And then, low and behold, I have another site (ip68-12-201-226.ok.ok.cox.net) coming in and ferretting for the same or similar directories and files and they get 403'ed.

Can someone please explain:

i) what is happening here?
ii) how to "kill off" this process?

Any advice would be appreciated.

ergophobe

4:16 pm on Jul 24, 2004 (gmt 0)

WebmasterWorld Senior Member 10+ Year Member Top Contributors Of The Month



archive.org is home of the wayback machine, a group whose mission is to keep snapshots of the web. I'm surprised it ignores the robots.txt though.

Go to archive.org and type in your url and see what happens.

The idea is that when you sell your domain and it turns into a porn site, the people who used to use that content can go to archive.org and find the original pages.

Funny side note - I've been asked to help on a site that was on a server that died recently. Lost lots of content, much of which I could retrieve from the wayback machine.

ergophobe

4:19 pm on Jul 24, 2004 (gmt 0)

WebmasterWorld Senior Member 10+ Year Member Top Contributors Of The Month



According to their FAQ [archive.org]


The Internet Archive is not interested in preserving or offering access to Web sites or other Internet documents of persons who do not want their materials in the collection.
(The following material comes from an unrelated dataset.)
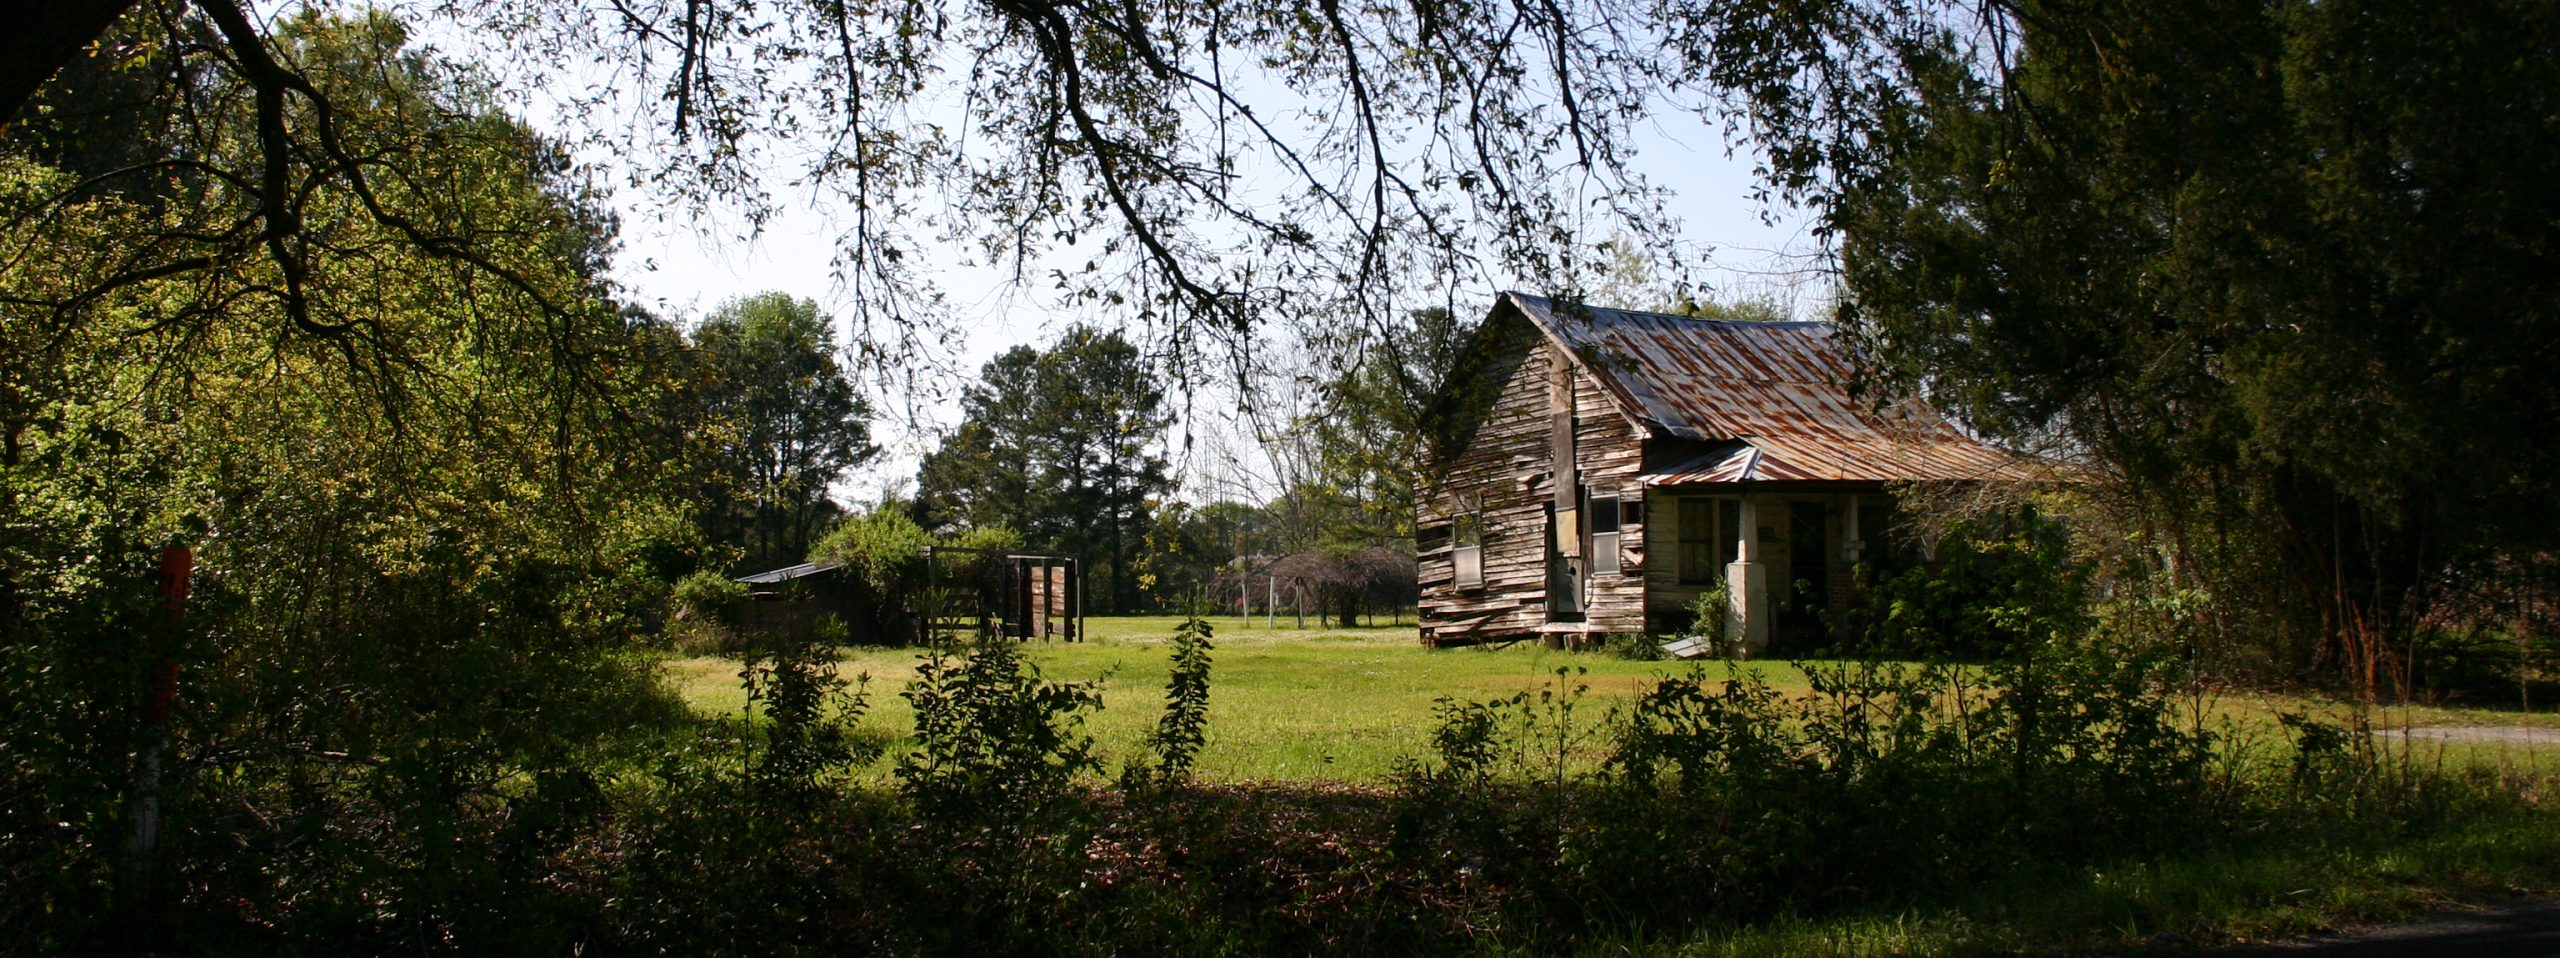 Farmhouse CROP
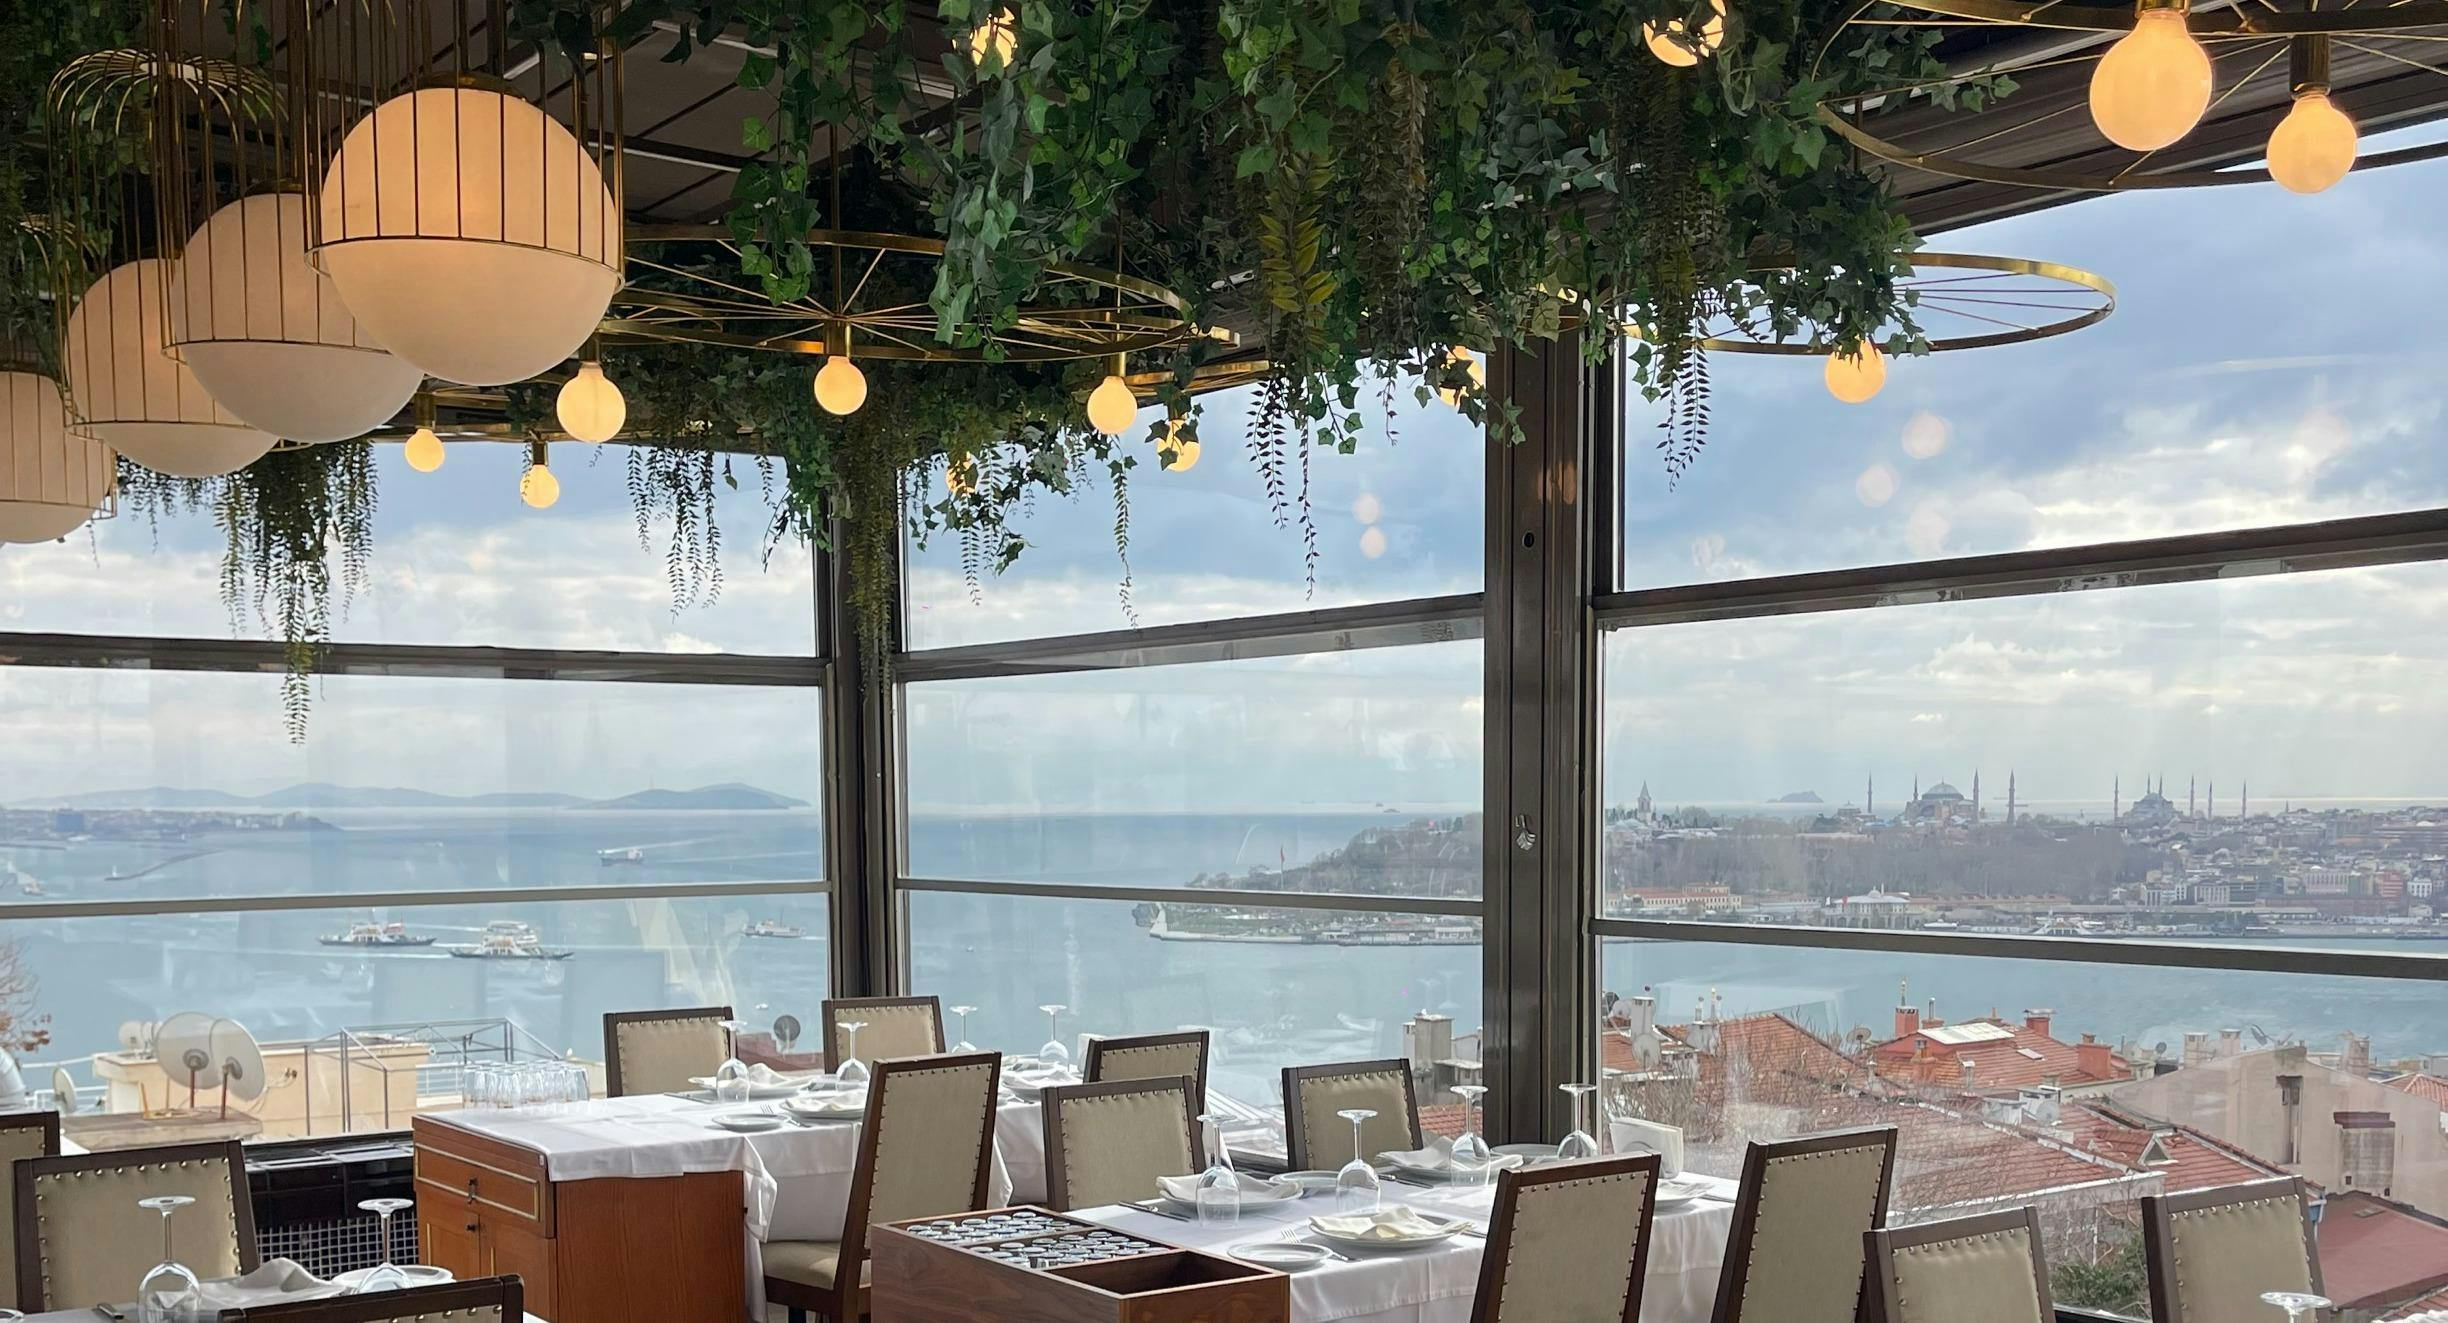 Beyoğlu, Istanbul şehrindeki Sur Balık Cihangir restoranının fotoğrafı

By placing a simple robots.txt file on your Web server, you can exclude your site from being crawled as well as exclude any historical pages from the Wayback Machine

Also check out Removing Documents From the Wayback Machine [archive.org]

According to that page


To exclude the Internet Archive's crawler (and remove documents from the Wayback Machine) while allowing all other robots to crawl your site, your robots.txt file should say:

User-agent: ia_archiver
Disallow: /

Tom

vkaryl

11:25 pm on Jul 24, 2004 (gmt 0)

WebmasterWorld Senior Member 10+ Year Member



I've had reasons to be VERY VERY GRATEFUL to the wayback machine. Bless their hearts, without them I might have seriously for the first time in my LIFE considered suicide! [Okay, so that's an exaggeration. But NOT MUCH OF ONE....]

pendanticist

12:16 am on Jul 25, 2004 (gmt 0)

WebmasterWorld Senior Member 10+ Year Member



FWIW - I've noticed "ia_archiver" has also increased it's frequency of visits, somewhat similar to what the origional poster cites.

However, the UA is quite a bit different.

In other words, the bot I mention is the ONLY 'Wayback' to ever have come to visit my site, which has been online since '98.

How long has the one, mentioned by the poster, been around?

Do they have different bots for whatever reason?

balam

4:46 am on Jul 25, 2004 (gmt 0)

10+ Year Member



> To exclude the Internet Archive's crawler [...]

...I had to ban it via .htaccess, regardless of what they may say in their FAQ. I caught them violating my robots.txt on more than one site, so adios ia-archiver.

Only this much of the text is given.